La lucha culpa al gobierno, a los acosadores, a los violadores, a los que no hacen nada, a los que voltean la mirada si ven un abuso, a los que son indiferentes; la culpa está en la sociedad machista, pero ¿quién es la sociedad, quiénes los machistas? Si la sociedad se rigiera por los discursos públicos, los documentos tan bien redactados y llenos de promesas, si la sociedad actuara con base en ellos, con sus términos políticamente correctos, ¡Qué mundo tan diferente! Nadie se atrevería a decir o
hacer algo sin sufrir las consecuencias, nadie pasaría desapercibido y los nombres no serían
olvidados.
El problema social es privado, lo privado es político, lo privado es social siempre, más lo social no siempre es privado; es decir, las conquistas sociales no siempre son llevadas a un ejercicio singular, a veces (muchas veces) se queda ahí, en el exterior colectivo sin penetrarnos a través de una labor auto reflexiva, auto demandante. El espacio privado, ese que pasa desapercibido, ese que es casi inconsciente, es el que habita la cotidianidad y va escribiendo el acontecer social sin reclamar la autoría. Se pierde entre las máscaras públicas, entre los guiones que se presentan ante el público expectante, la violencia está ahí, en esos roles diarios entre ensayos a los que nadie presta atención.
Sí, sí, gritamos al aire lo que las mujeres se merecen, sus derechos, pero nuestras pláticas entre amigos, nuestros chistes, nuestras relaciones familiares, nuestras dinámicas sociales, nuestros actos, nuestras canciones favoritas, nuestras tardes en casa o en la calle, todo eso que somos fuera de la protesta y que no se lee en nuestras publicaciones es lo que nos está matando.
¡Qué coraje da el acoso sexual! Pero qué maricón el amigo que no tuvo el valor de robarle un beso o decirle guapa, qué divertido ir a ver viejas a la plaza, al gimnasio.
¡Qué impotencia da el abuso sexual! Pero qué mojigata es la mujer que a la mera hora no quiso, la virgen. Qué puto si no la convenció de aflojar, qué grosera la que te dice que sólo como amigos.
¡Qué vergüenza tratar a las mujeres como objetos sexuales!

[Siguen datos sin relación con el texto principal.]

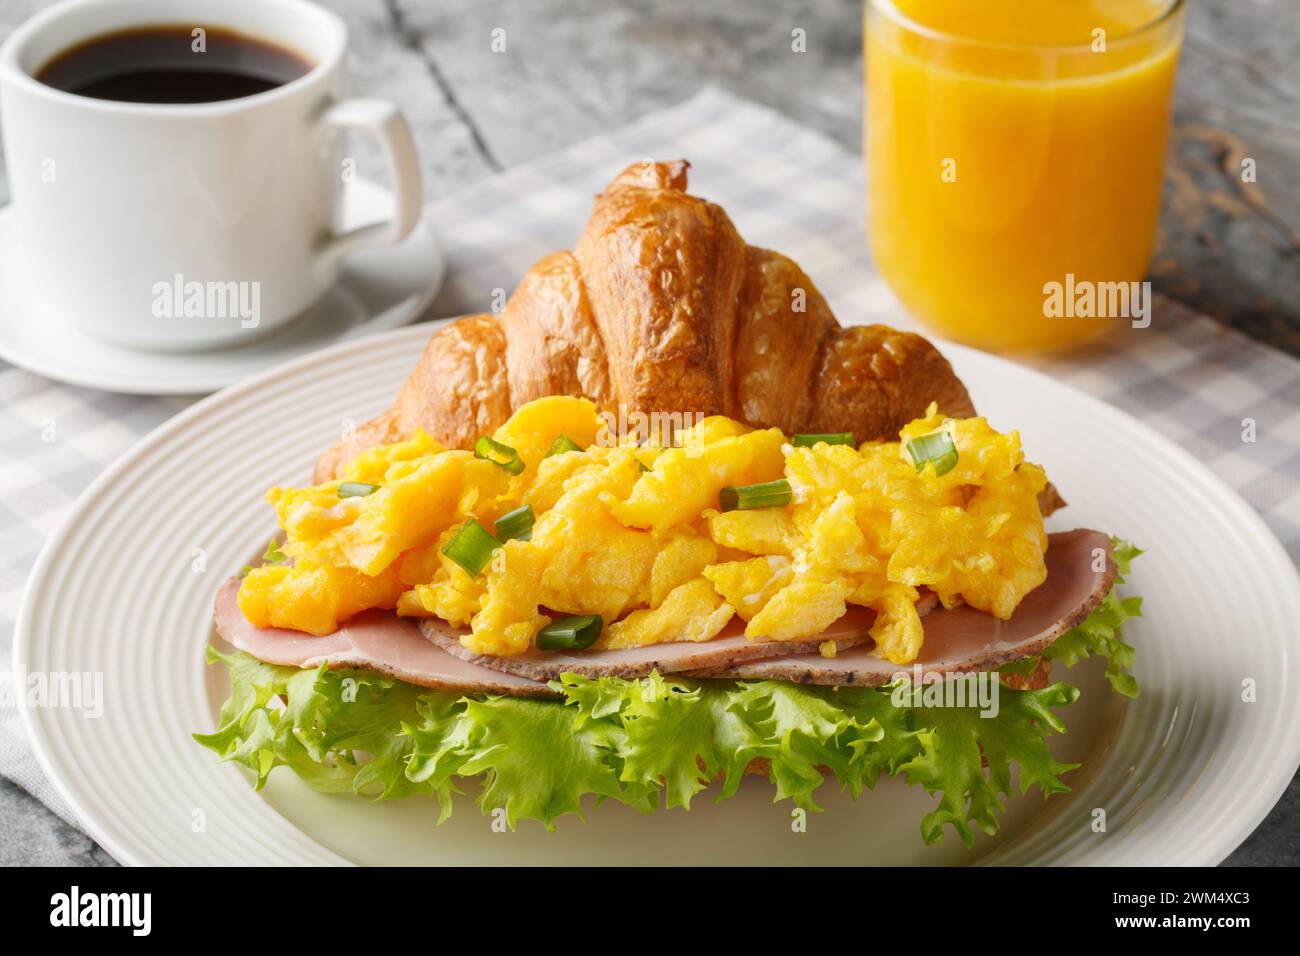 Petit déjeuner sandwich croissant avec œufs brouillés et jambon servi avec jus d'orange et café gros plan sur une table en marbre. Horizontal Banque D'Images

Pero qué buenas están las modelos de Playboy, que lástima que aquella no esté bonita. Qué asco que amamante en plena vía pública.
¡Las mujeres deben ser libres! Pero qué puta si se acuesta con tantos, que zorra por vestirse así, que egoísta por no querer ser madre, que inútil por no ser ama de casa.
¡Las mujeres deben tener igualdad de derechos! Pero ellas no piensan igual, sólo les importa verse bien. Se quejan a pesar de que les ayudamos en la casa.
¡Mueran los machos! Pero que sean ellas las que laven, planchen, cocinen, limpien, sirvan y cuiden de los niños porque yo sí trabajo y estoy cansado.
¡Sí, fomentemos la independencia, el empoderamiento! Pero ignoremos a nuestras niñas cuando nos digan que no quieren algo, son demasiado pequeñas o es un berrinche. Generemos culpa a quien no hace lo que deseamos o si no están a nuestra disposición, pero sí, que sean libres, independientes y respetadas.
Y por muchas consignas más que cubren nuestra realidad inmediata, es que la conquista social debe ser una conquista personal, cotidiana, de esa que apela al instante, al ser y a la propia experiencia.
Que la lucha sea una re significación del ser y sus sentidos, sus dinámicas más privadas y sus vínculos más inmediatos. Sólo una protesta social que apele a lo propio elevará el velo que expía nuestras culpas.